5 responses so far ↓
1 cindy robinson // May 16, 2008 at 3:20 PM
Mike Terry is probably the nicest guy I’ve known — and that’s saying a lot. He didn’t get treated well by the Post , but he never complained. Mike T. always seemed to treat everyone with respect from executive to the guy selling peanuts — something some people could learn from. I miss seeing you as often as I used to Mike T. I think what amazed me about Mike T. is he always remembered the names of your spouses, your kids. And the two Mike T. stories are classic. It’s too bad corporate America doesn’t learn a lesson from him.
Another thing about Mike T. is he didn’t care if he was covering preps, college or pros, he was just happy to be covering sports. Hope to see you soon.
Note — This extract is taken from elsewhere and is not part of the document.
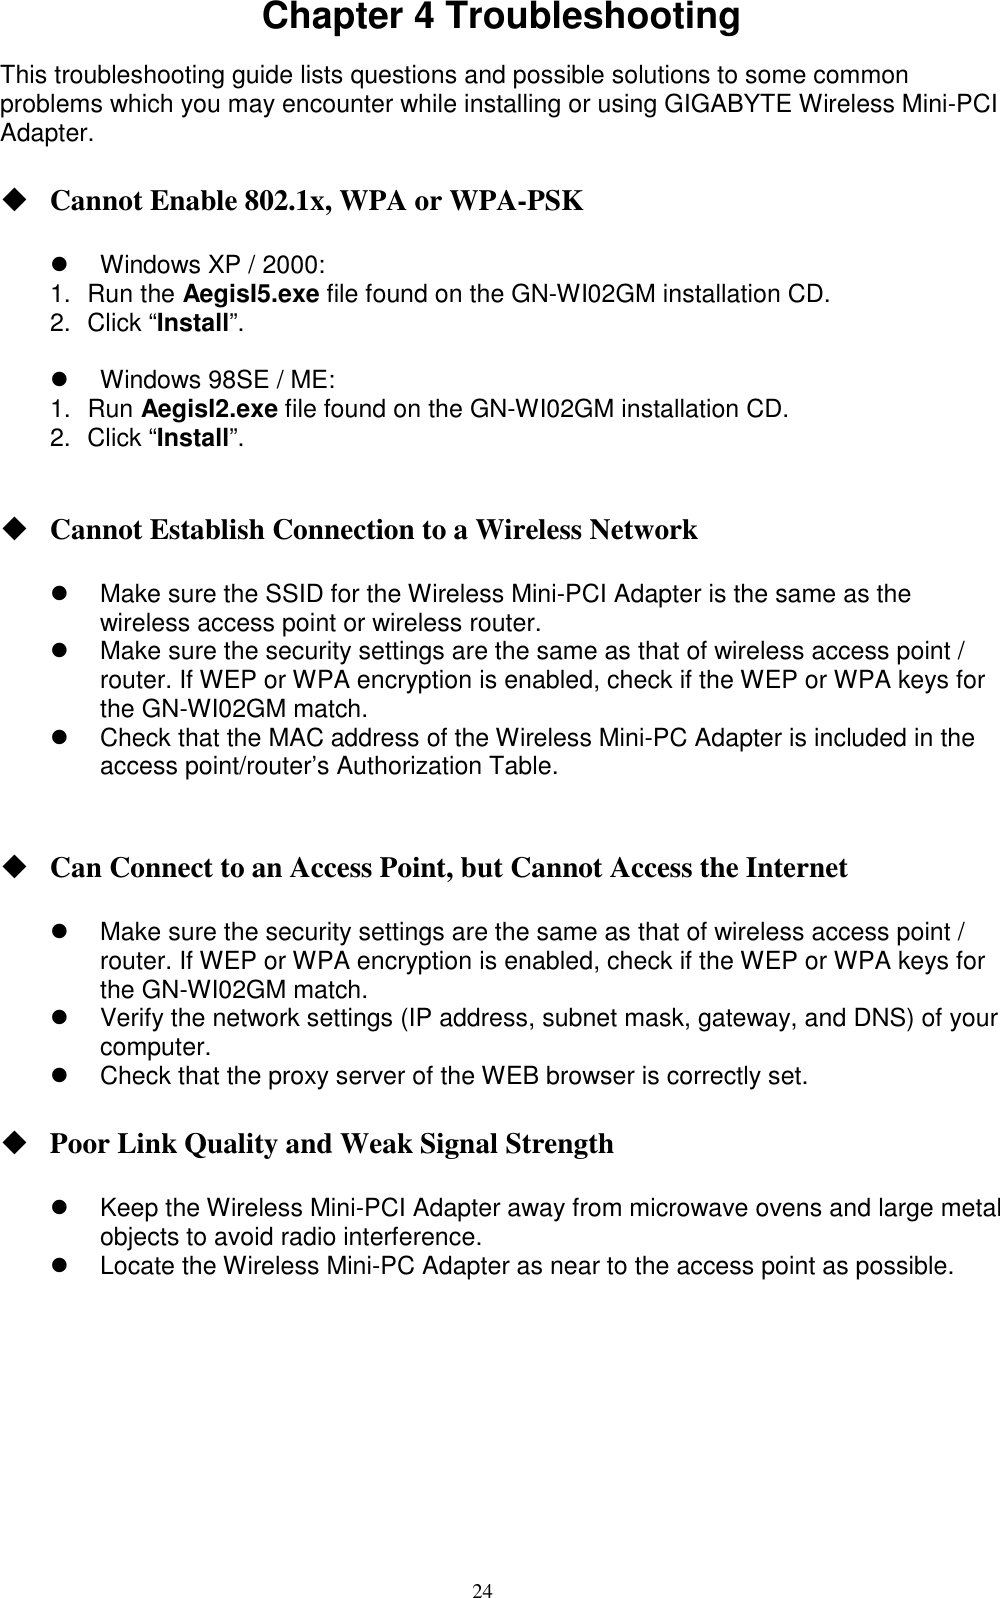 24  Chapter 4 Troubleshooting  This troubleshooting guide lists questions and possible solutions to some common problems which you may encounter while installing or using GIGABYTE Wireless Mini-PCI Adapter.   Cannot Enable 802.1x, WPA or WPA-PSK  z  Windows XP / 2000: 1. Run the AegisI5.exe file found on the GN-WI02GM installation CD. 2. Click “Install”.  z  Windows 98SE / ME: 1. Run AegisI2.exe file found on the GN-WI02GM installation CD. 2. Click “Install”.    Cannot Establish Connection to a Wireless Network  z  Make sure the SSID for the Wireless Mini-PCI Adapter is the same as the wireless access point or wireless router. z  Make sure the security settings are the same as that of wireless access point / router. If WEP or WPA encryption is enabled, check if the WEP or WPA keys for the GN-WI02GM match.   z  Check that the MAC address of the Wireless Mini-PC Adapter is included in the access point/router’s Authorization Table.      Can Connect to an Access Point, but Cannot Access the Internet  z  Make sure the security settings are the same as that of wireless access point / router. If WEP or WPA encryption is enabled, check if the WEP or WPA keys for the GN-WI02GM match.   z  Verify the network settings (IP address, subnet mask, gateway, and DNS) of your computer. z  Check that the proxy server of the WEB browser is correctly set.   Poor Link Quality and Weak Signal Strength  z  Keep the Wireless Mini-PCI Adapter away from microwave ovens and large metal objects to avoid radio interference. z  Locate the Wireless Mini-PC Adapter as near to the access point as possible.

2 George Alfano // May 16, 2008 at 7:42 PM
I covered a couple of games wth Mike in the 90s, and saw him at a Sparks game in 2006. A very, very nice person
3 Bill Shaikin // May 16, 2008 at 9:46 PM
Mike Terry is one of the finest human beings, ever.
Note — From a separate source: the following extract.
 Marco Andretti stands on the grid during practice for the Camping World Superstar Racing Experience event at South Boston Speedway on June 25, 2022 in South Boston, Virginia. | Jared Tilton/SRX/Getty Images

4 Chuck Hickey // May 16, 2008 at 9:46 PM
I always thought it was “tits on a boy” but man works too.
Again, this is a recording: Terrier, like so many others, was great. Open, refreshing, gregarious, great to deal with, always had a smile and, yes, the raw copy was raw. But, hell, it was Mike T. Those were the days. Sigh.
And was he part of the mix in an RBI/mix in a salad back-and-forth or was that someone else?
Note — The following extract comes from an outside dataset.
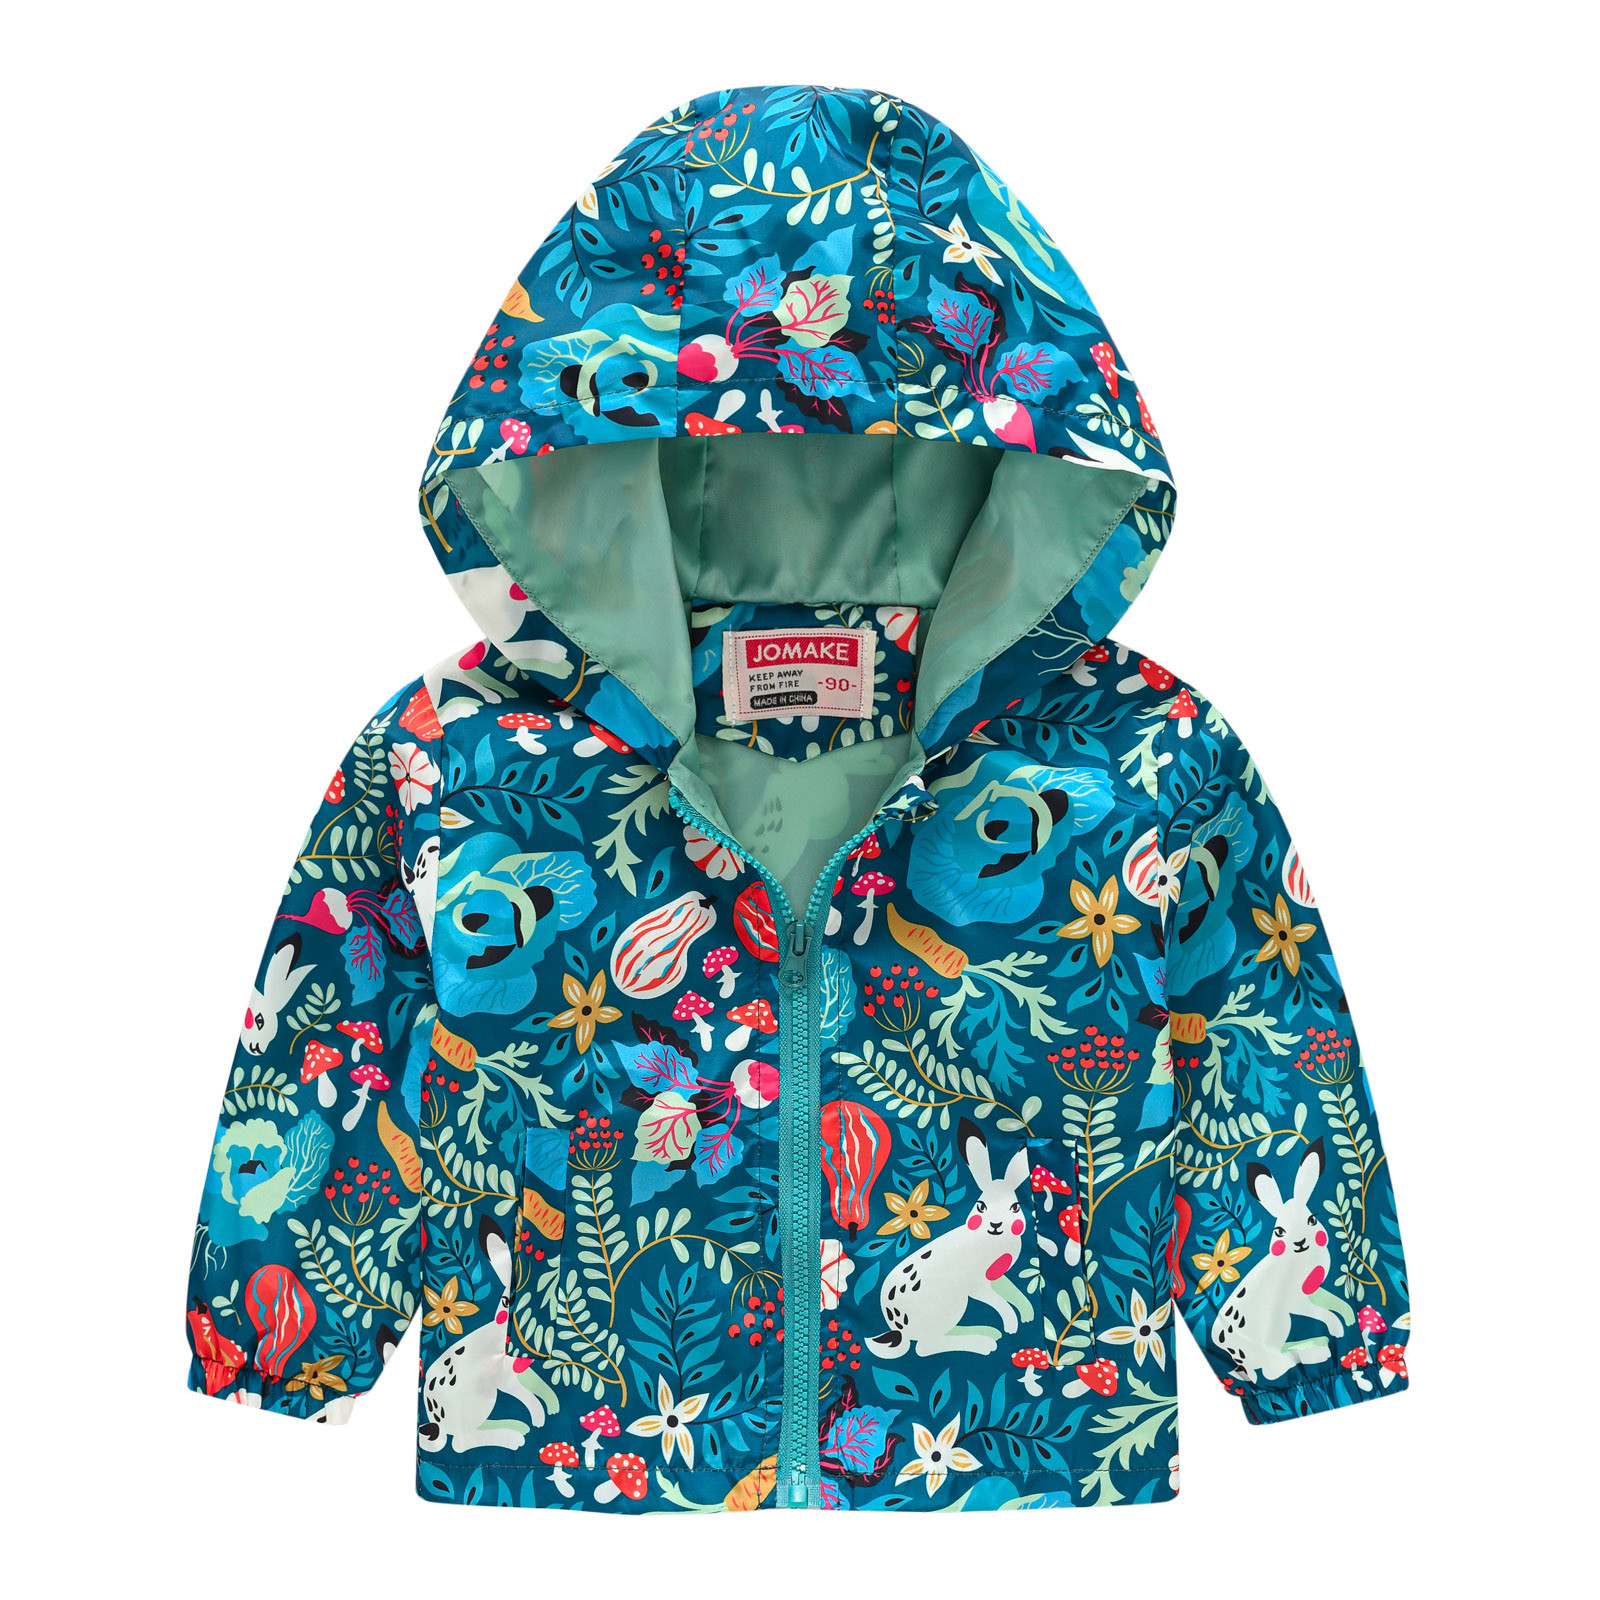 Toddler Boys Girls Casual Jackets Printing Cartoon Hooded Outerwear ...

The Pudge story is timeless.
5 Jim Taylor // May 18, 2008 at 2:51 PM
Hey Paul,
I finally found out about your website and have spent the weekend reading every article and posting. The seasons in the sun pieces have been a neat trip down memory lane. I knew and worked personally with everyone you wrote about including my late friend Claude Anderson. Great people and great memories. I was particularly pleased to learn the whereabouts of Vic West and saddened to learn about the passing of Katie Castator. She was a gem. My favorite memories of her were during the week of our 1984 CIF championship game vs. Agoura. I cannot believe what has become of the newspaper we once could not wait to get up and read cover to cover. I was shocked to find out that you were gone and the circumstances surrounding it. The experiences you have had and have written about and the people you have touched i.e. all those in seasons in the sun give credence to your knowledge and expertise in covering sports in the inland empire. I appreciate all you have done for our area and the professional relationship we enjoyed all those years I was Head Football Coach and A.D. at Yucaipa. Every generation has it memories of the “good old days” but I become more convinced daily that our good old days really were the “good old days. I will continue to read your musings each day now that I have found it and I hope to see you out and around covering sports again soon.